▶ Task to complete: Transcribe only the part of the material below that begins at the line containing "Dansen met tegenlicht" and ends at the line containing "Alexander Nevsky Cathedral: 'Управление", with both kept and images left out.

▶ Exercise data:
======

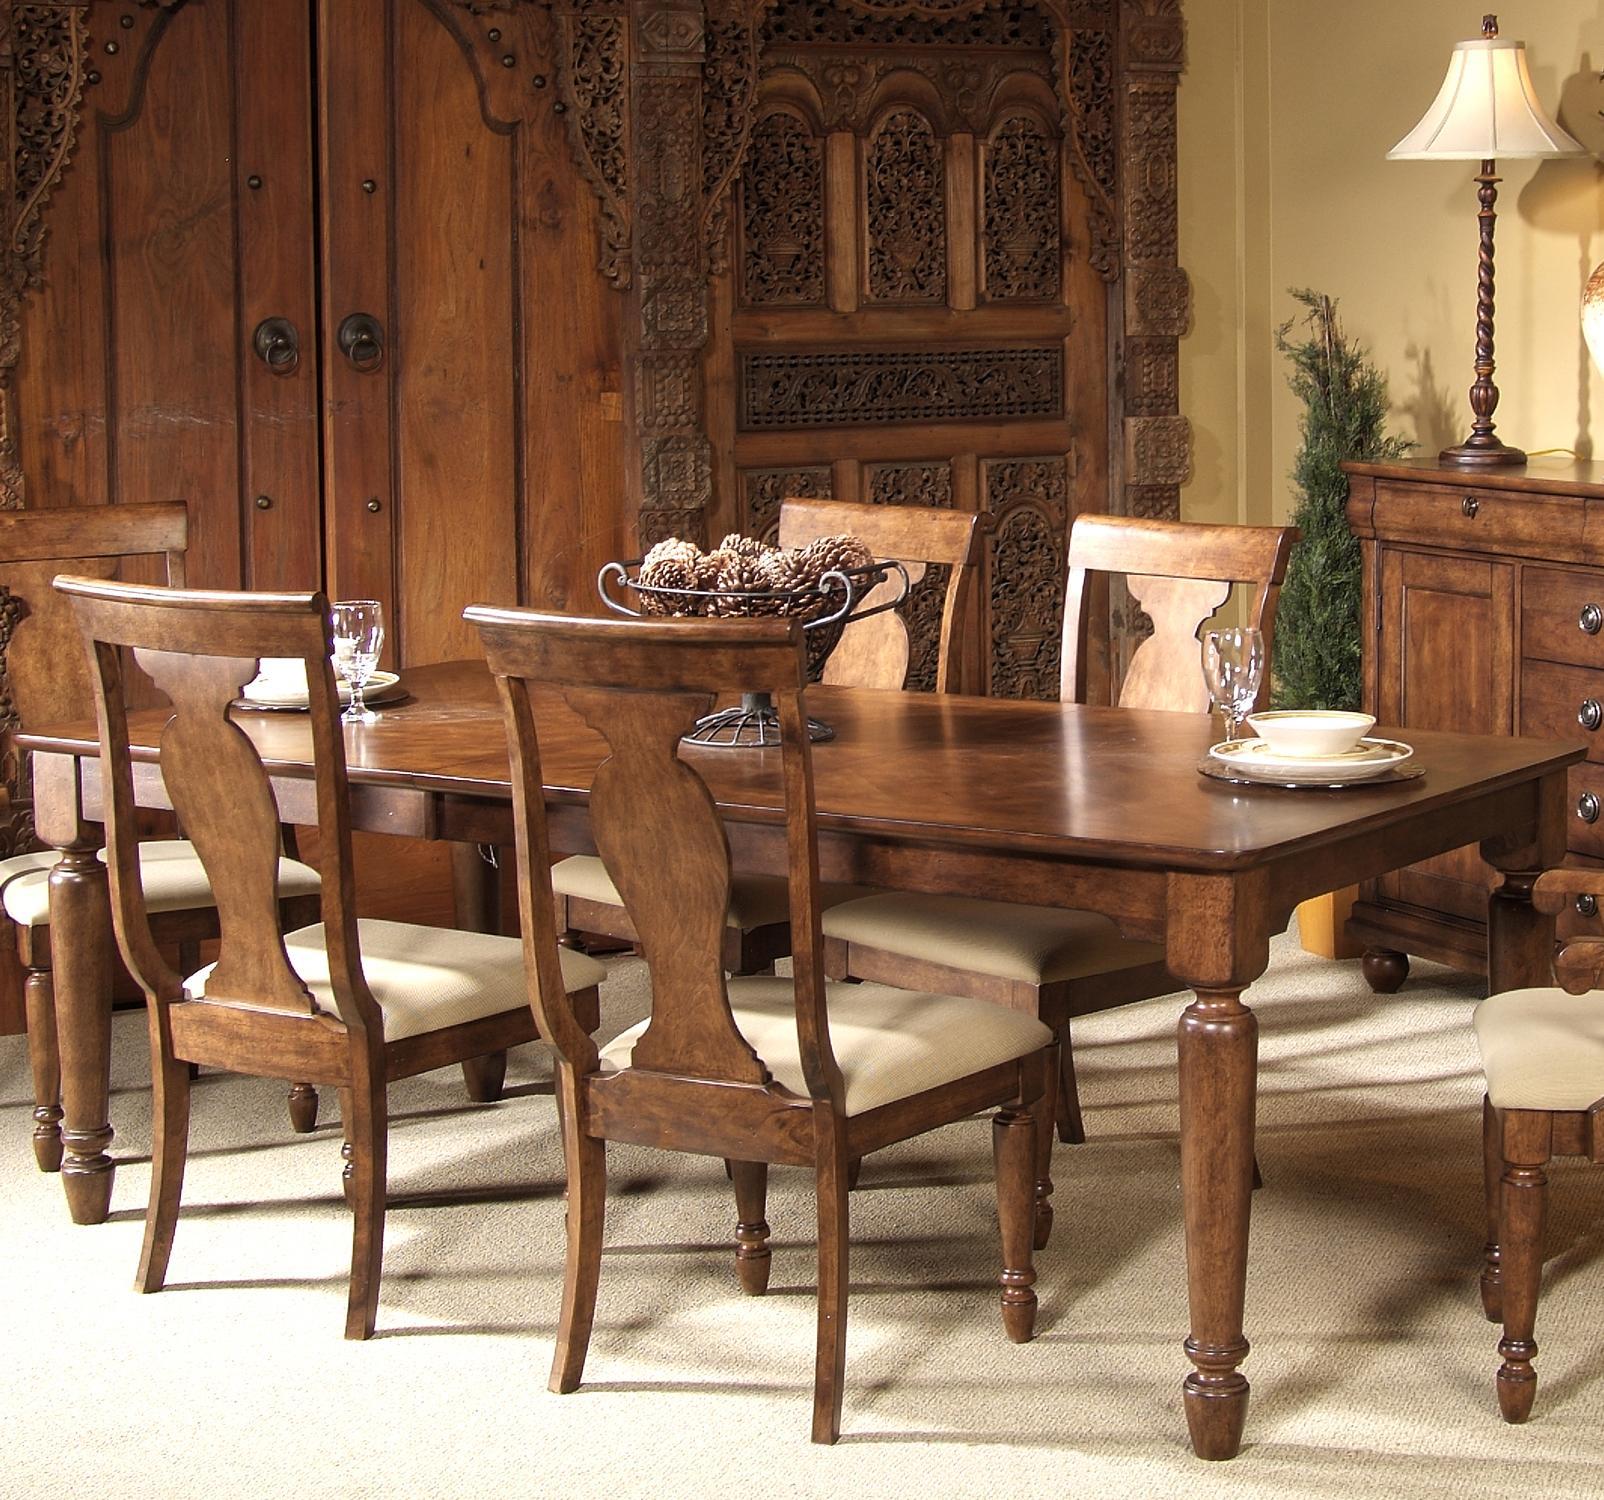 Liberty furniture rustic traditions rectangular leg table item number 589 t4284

======

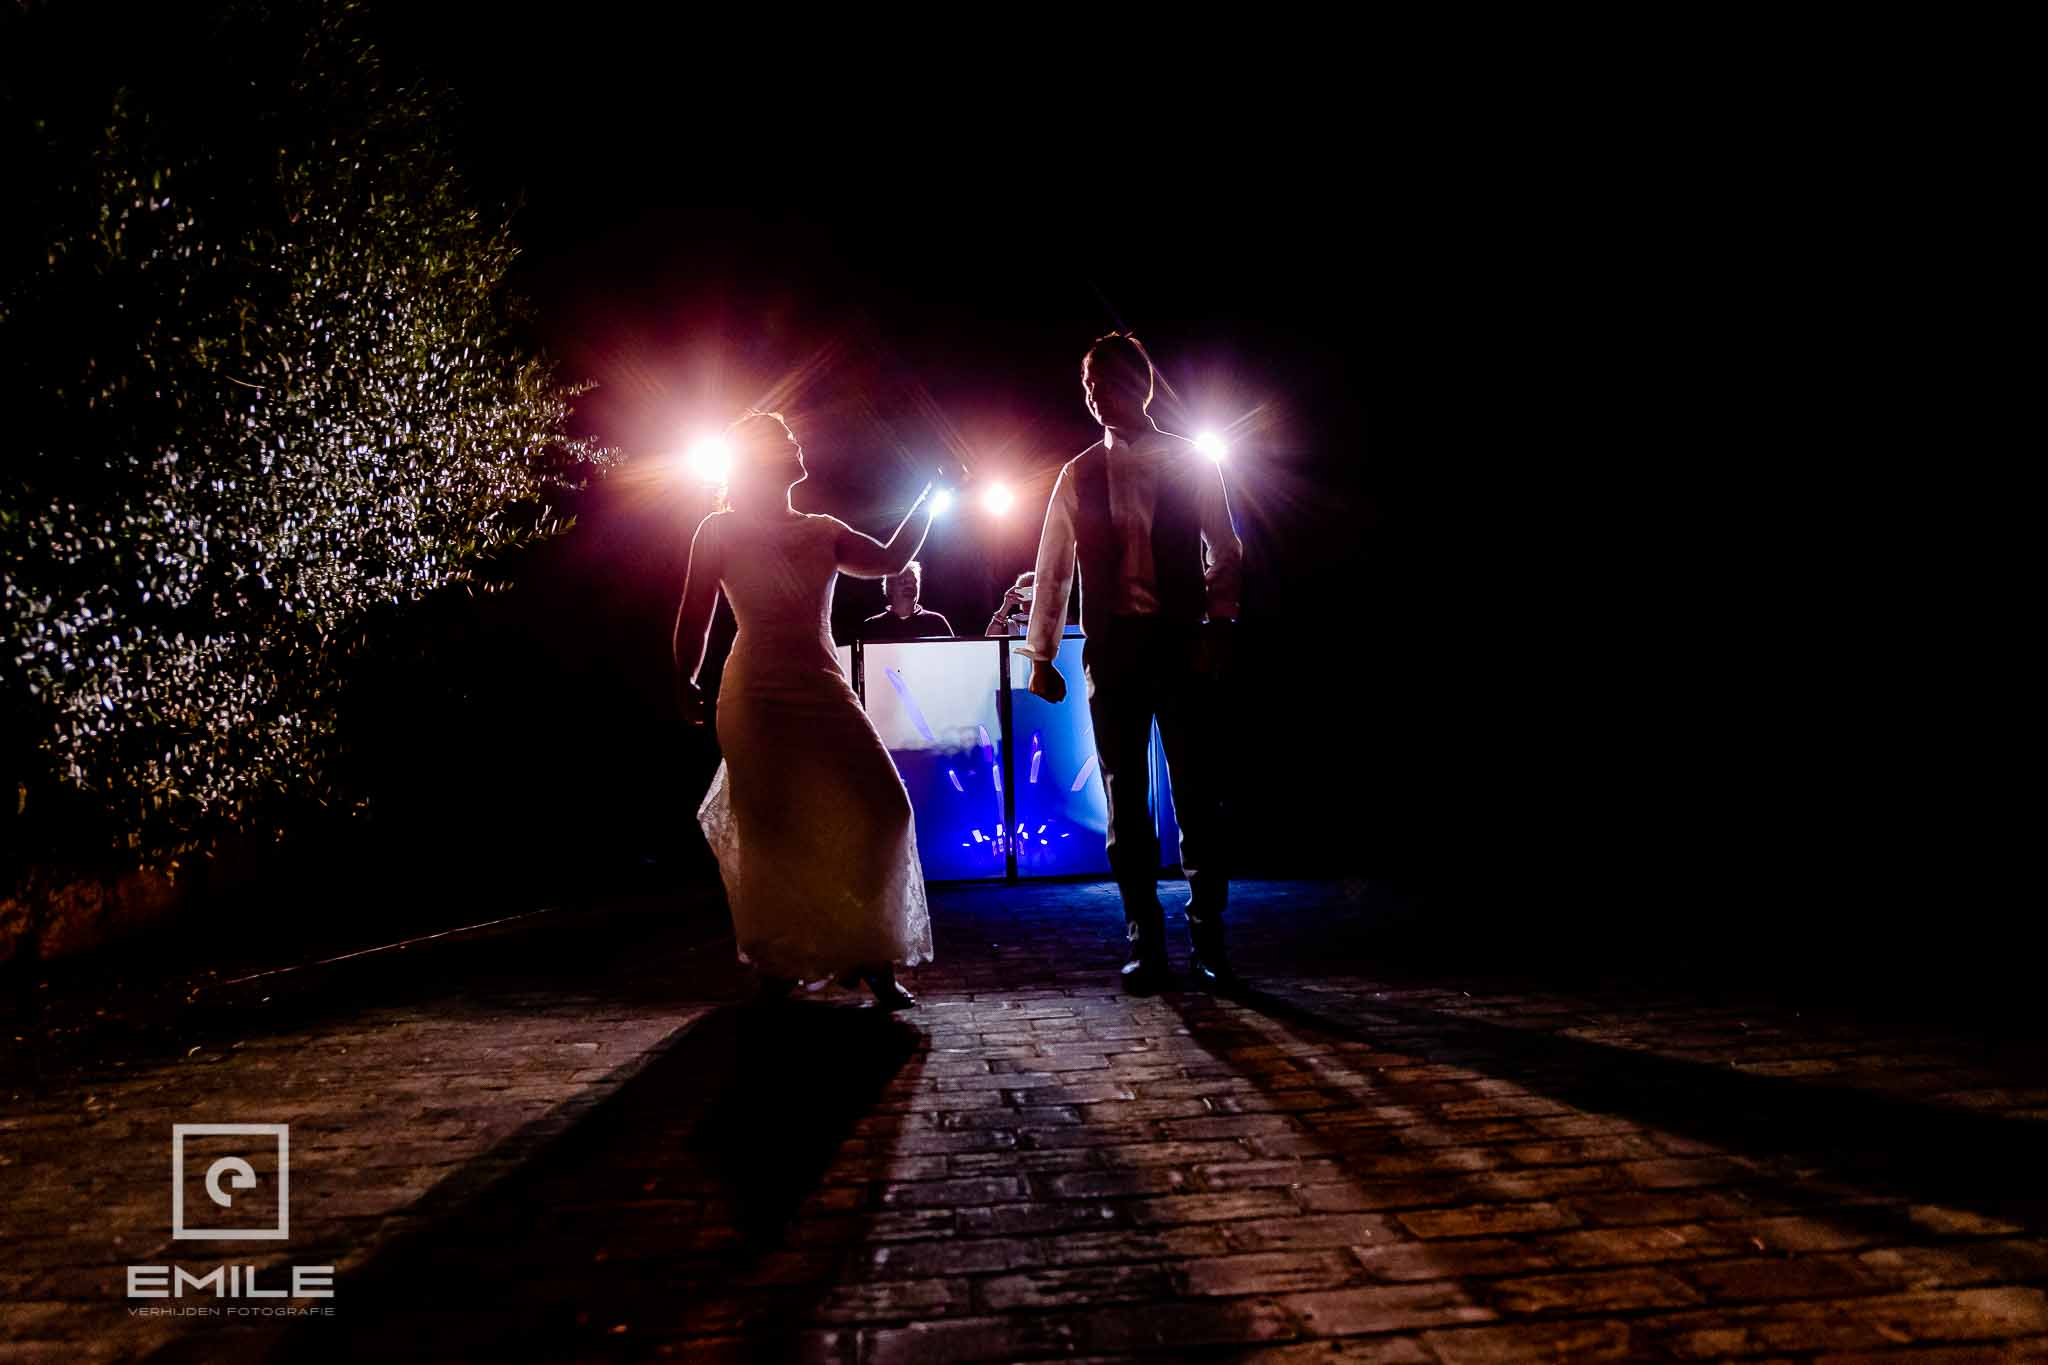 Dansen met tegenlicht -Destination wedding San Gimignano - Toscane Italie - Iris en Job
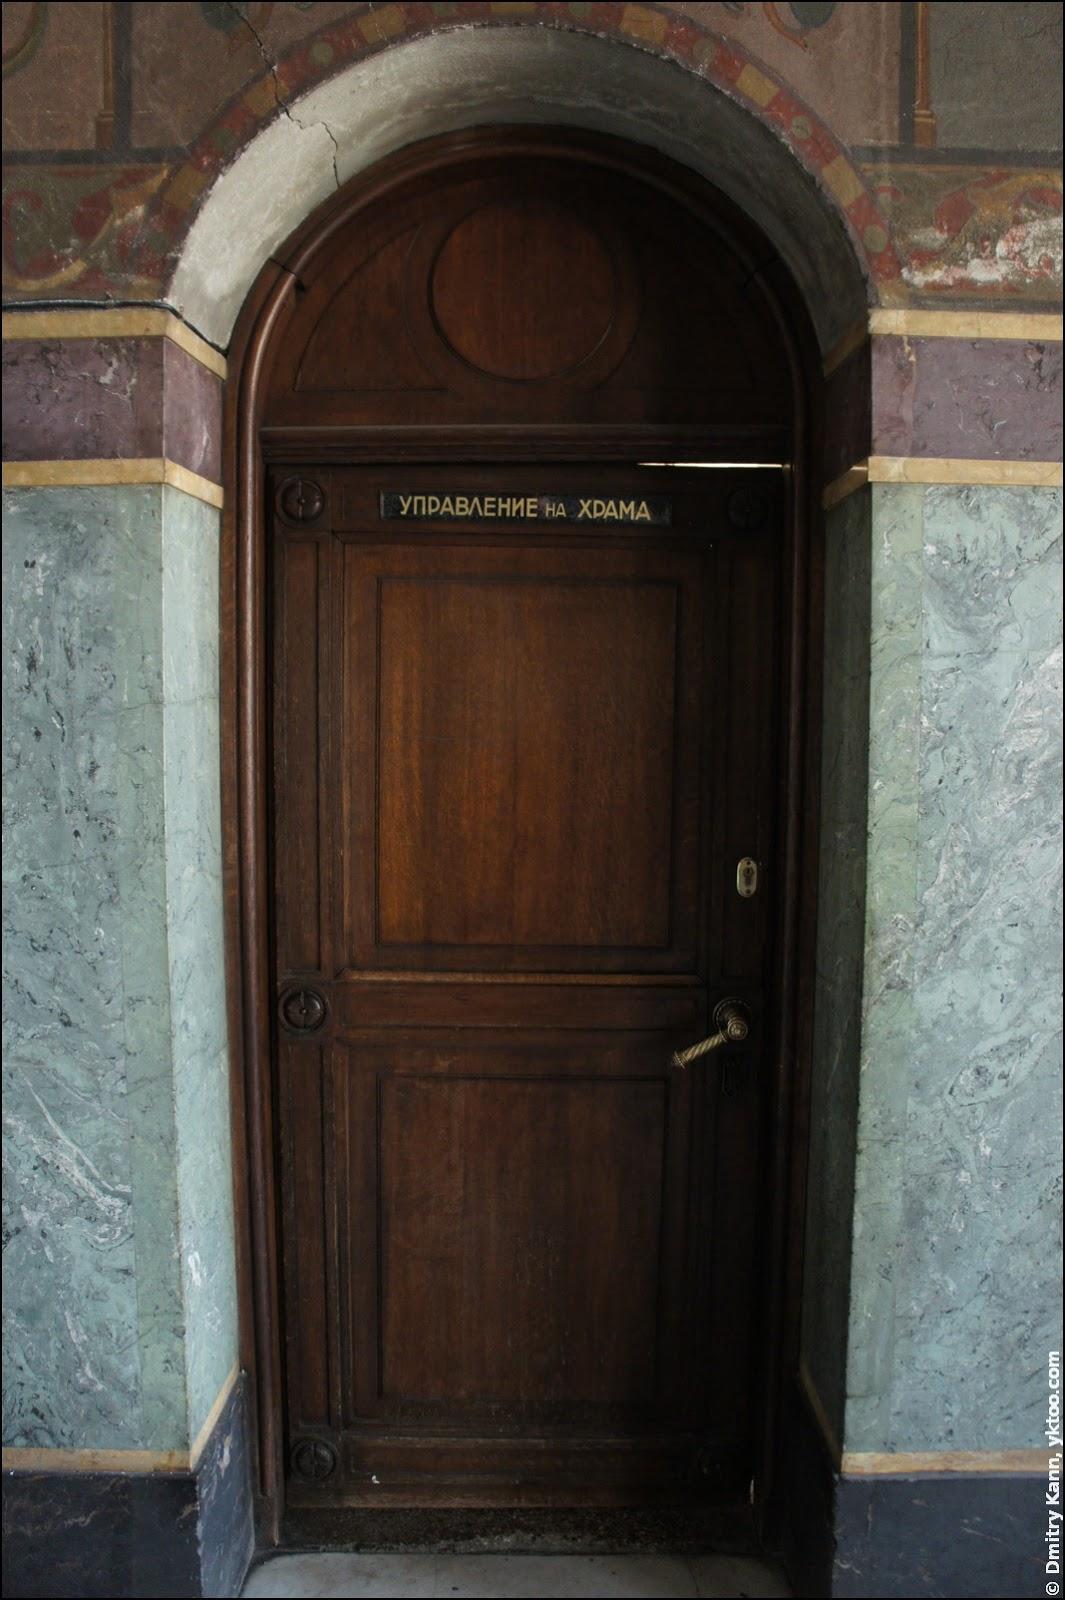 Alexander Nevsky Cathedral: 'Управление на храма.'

======

▶ Output of the task:
 Dansen met tegenlicht -Destination wedding San Gimignano - Toscane Italie - Iris en Job
 Alexander Nevsky Cathedral: 'Управление на храма.'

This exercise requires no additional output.